_Your assignment:_
From the records below, output exactly the lines running from the line containing "Această imagine arată" through the line containing "Cavalinho Men's Bifold", and no others.

_Input data:_
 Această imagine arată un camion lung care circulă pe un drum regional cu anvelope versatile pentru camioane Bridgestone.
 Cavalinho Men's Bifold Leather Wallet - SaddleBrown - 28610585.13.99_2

* * *

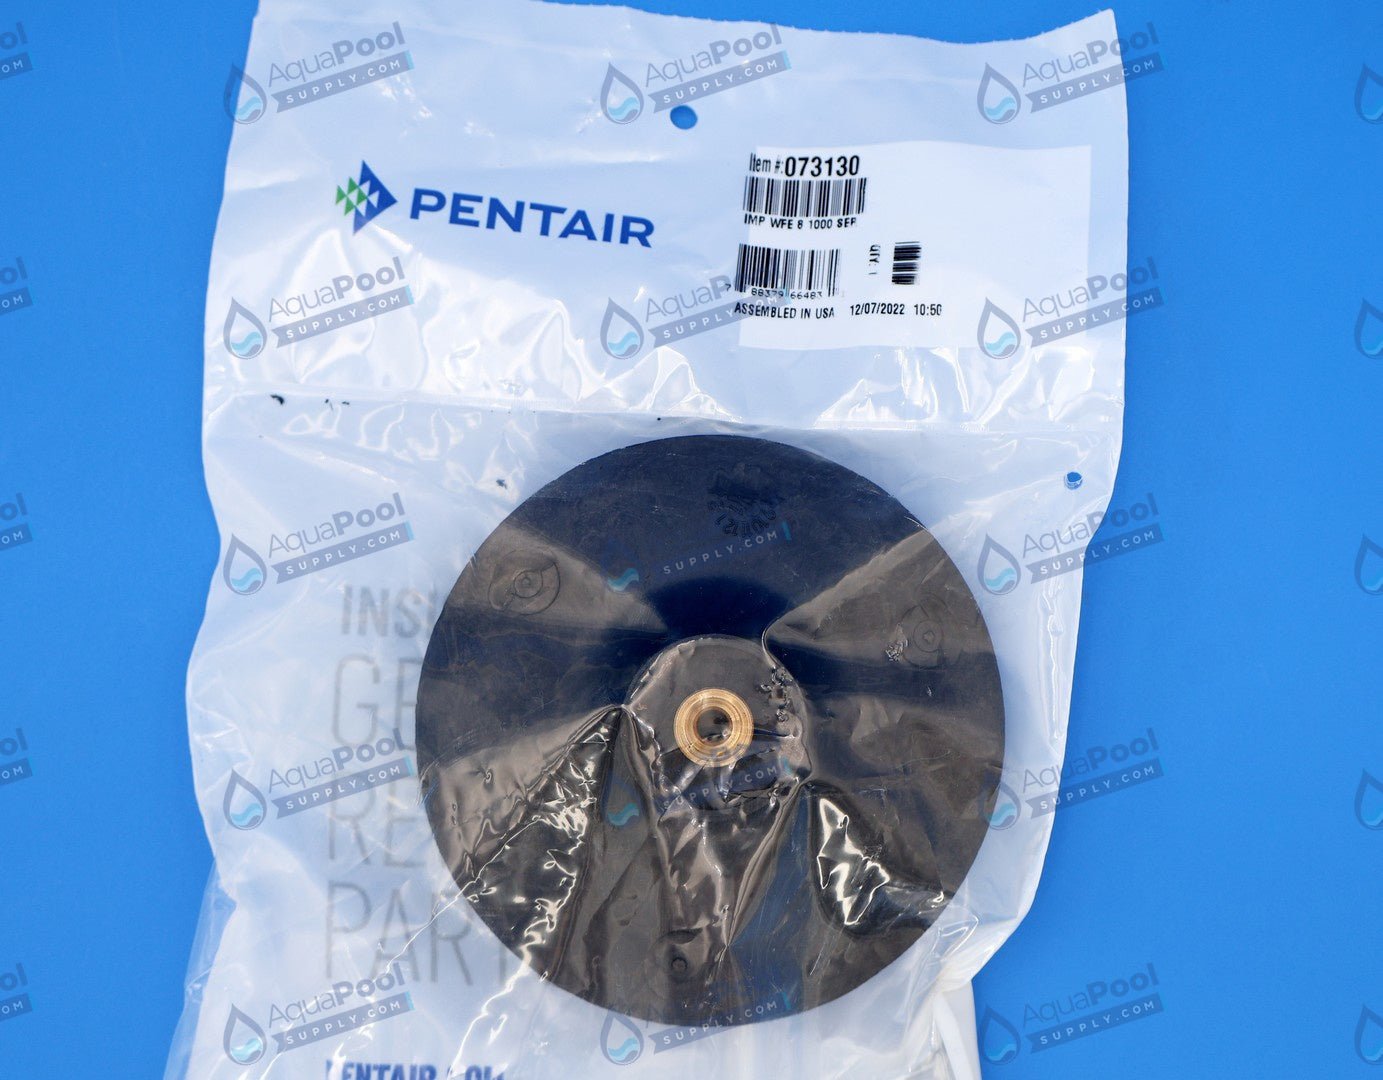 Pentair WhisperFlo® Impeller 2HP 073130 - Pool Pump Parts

_Task result:_
 Această imagine arată un camion lung care circulă pe un drum regional cu anvelope versatile pentru camioane Bridgestone.
 Cavalinho Men's Bifold Leather Wallet - SaddleBrown - 28610585.13.99_2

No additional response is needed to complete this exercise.